Алла, вопросительно подняла бровь, глядя на мужа.

— Я не хочу видеть его здесь, да и Лизе сейчас это не нужно. — Перевела дыхание, нетерпеливо сминая руки.

— Я убедил его больше не приходить.

— Это тогда, когда твой племянник буквально ломая двери, ворвался в ее палату? Никита, учти, если я вновь увижу его возле своей девочки, я сделаю все, что бы он на метр к ней не приближался. — Алла встала, крупными шагами измеряя площадь палаты. Нервно расхаживая вдоль постели дочери, вновь бросила полон негодования взгляд на мужа.

— Что ты ему сказал?

— Ничего, что ты подумала. Андрею нечего знать, что Лиза… что ребенок вообще существовал. — Встретился с женой взглядом, видя вместо знакомой тихой женщины разъяренную тигрицу перед собой. — Он думает, что у нее как и в прошлый раз просто сдали нервы, ничего такого…

— Прошлый раз! — Злобно перекривила Никиту, усаживаясь рядом. — Я прекрасно помню прошлый раз, когда не смотря на мое негодование, этот мужчина нагло ворвался в ее палату. Благо, Лизочка спала и не помнит его так называемого визита!

— Ты не права. Алл, Андрей ничего не знал, он никогда бы не сделал Лизе плохо.

— Он женат! — Гневно перебила мужа, украдкой взглянув на дочь, дабы та не услышала их перепалки. — Вот пусть и катиться к своей жене. А Лиза? Она должна забыть его имя. Забыть навсегда. — На мгновение Никите показалось, что сквозь обиду за дочь, в голосе жены прозвучало еще что-то, касающееся личной ее неприязни к его племяннику.

— Это я предложил ему жениться. — Жена удивленно вскинула светлую бровь, непонимающе глядя на мужчину. — Неужели не понимаешь, зачем? — Пристальный взгляд синих глаз, и Алла согласно кивнула.

— Но он видимо не сильно-то и сопротивлялся! — Ехидный тон, когда она вновь заговорила. — Конечно, твой племяш стало быть выиграл двойной джекпот.
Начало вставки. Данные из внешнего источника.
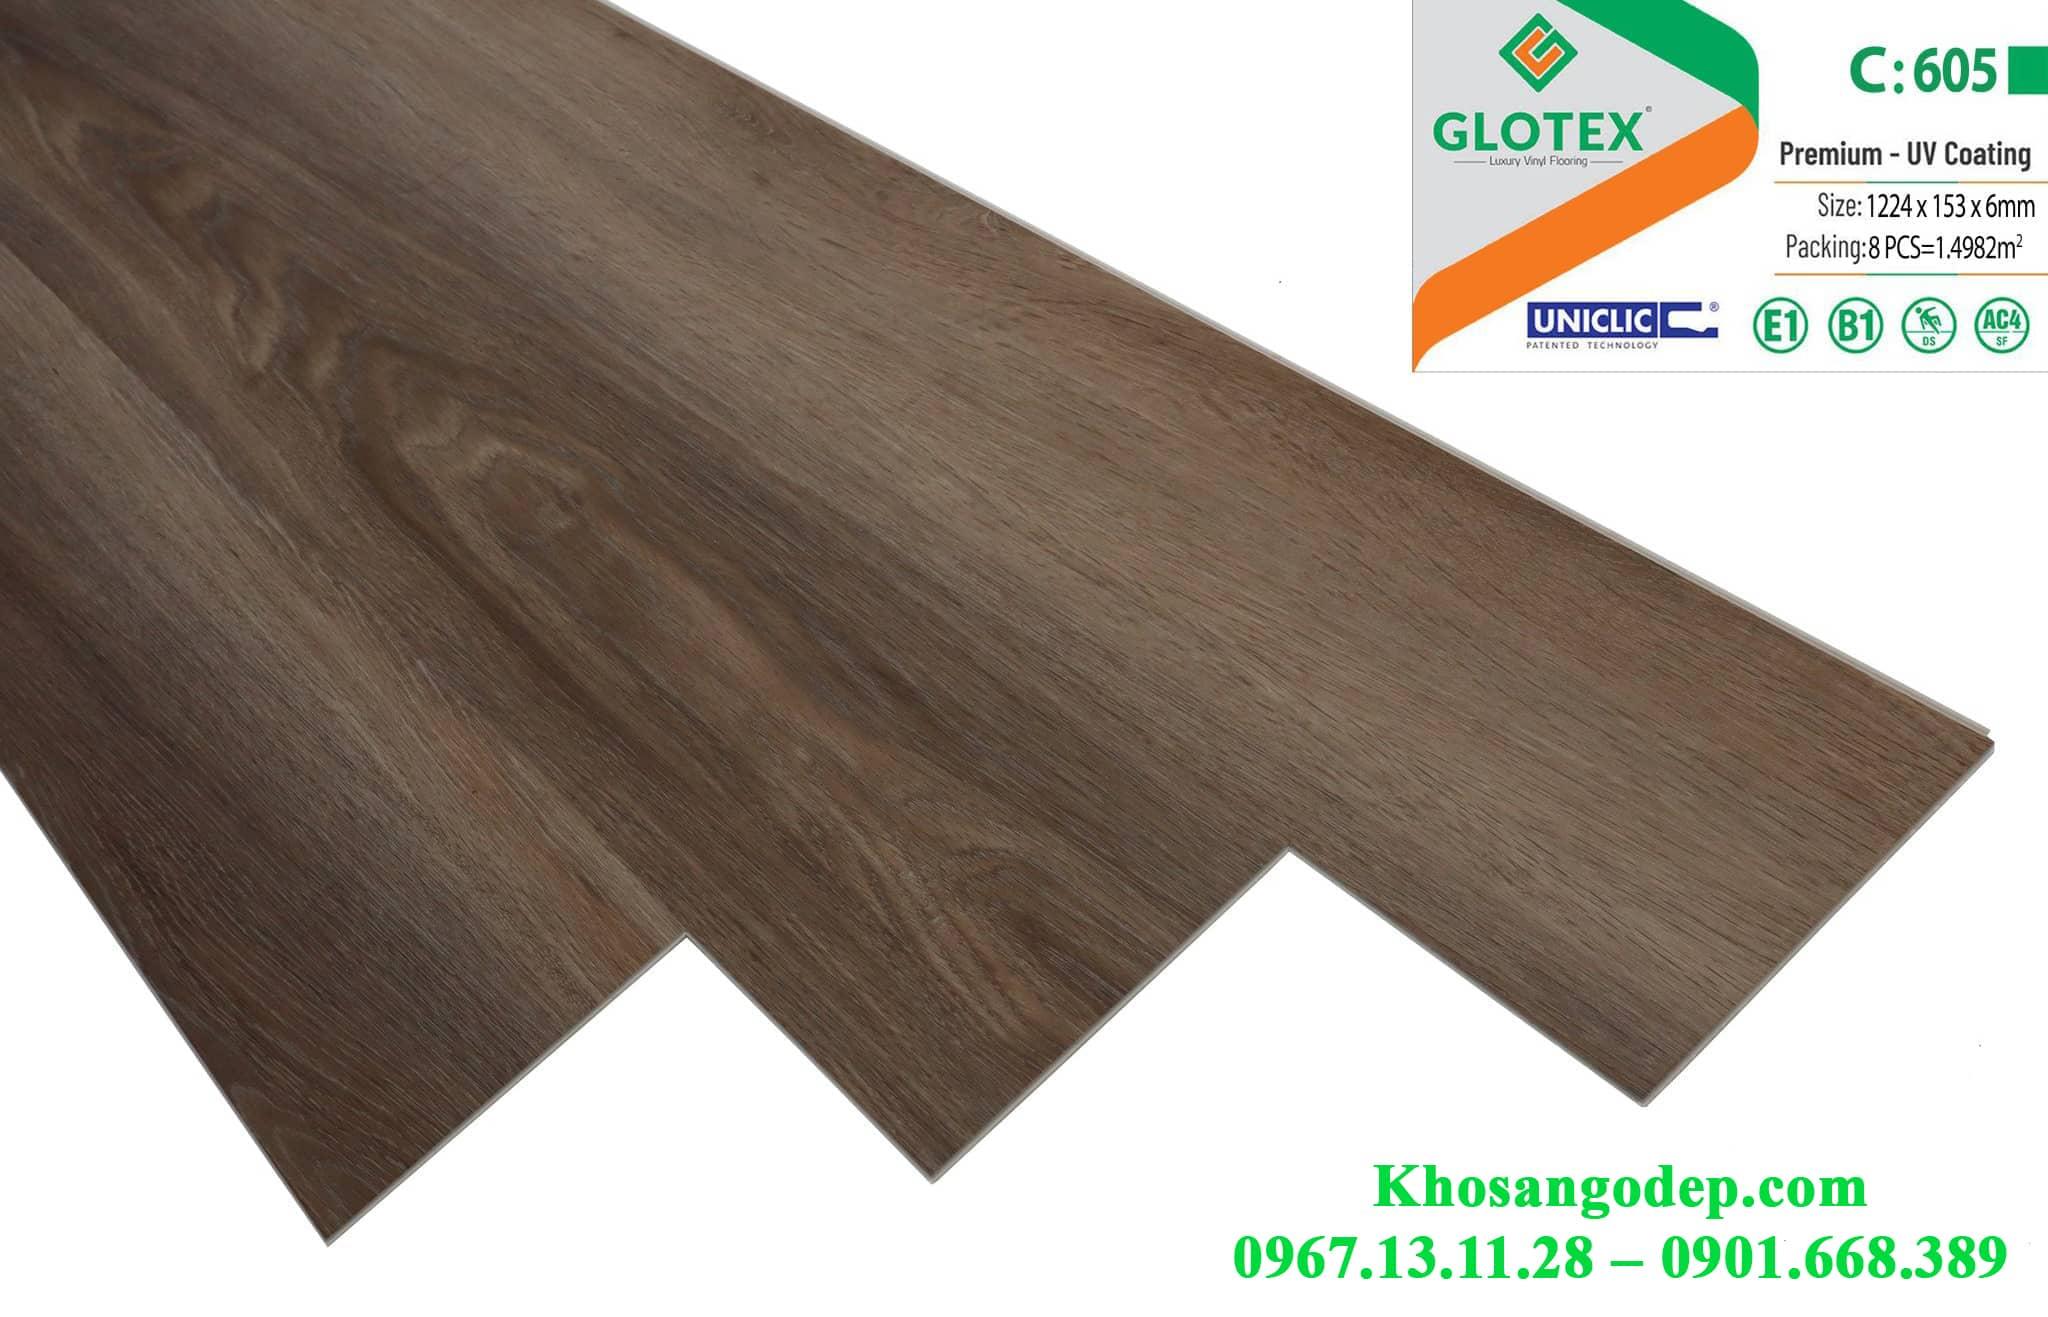 Sàn nhựa Glotex 6mm C605

Отхватив себе набитого пачками зеленых дядю, теперь приобрел обеспеченную красавицу — жену!

— Андрею наплевать на мои деньги, он не такой человек и ты совершенно его не знаешь! — Нападки жены порядком поднадоели, и, пытаясь говорить шепотом, он лишь раздраженно прошипел последнее.

— А ты? Никит, как хорошо его знаешь ты?! Да без году неделю! Возможно, это очередной проходимец, который просто пытается наживиться!

— Мы сделала анализ. Он все подтвердил. — Безапелляционные фразы, брошенные в унисон сердцу. Алла напряглась, видимо до последнего не верив в родство мужа с молодым, так похожим на него мужчину, теперь медленно пыталась переосмыслить ситуацию.

— Все равно, ты не можешь вот так безоговорочно ему доверять. Никит, он пол жизни провел в детском доме, а это клеймо. Ты же понимаешь, такие заведения навсегда ломают психику ребенка. Он уже не тот пятилетний мальчишка, которого ты потерял 25 лет назад.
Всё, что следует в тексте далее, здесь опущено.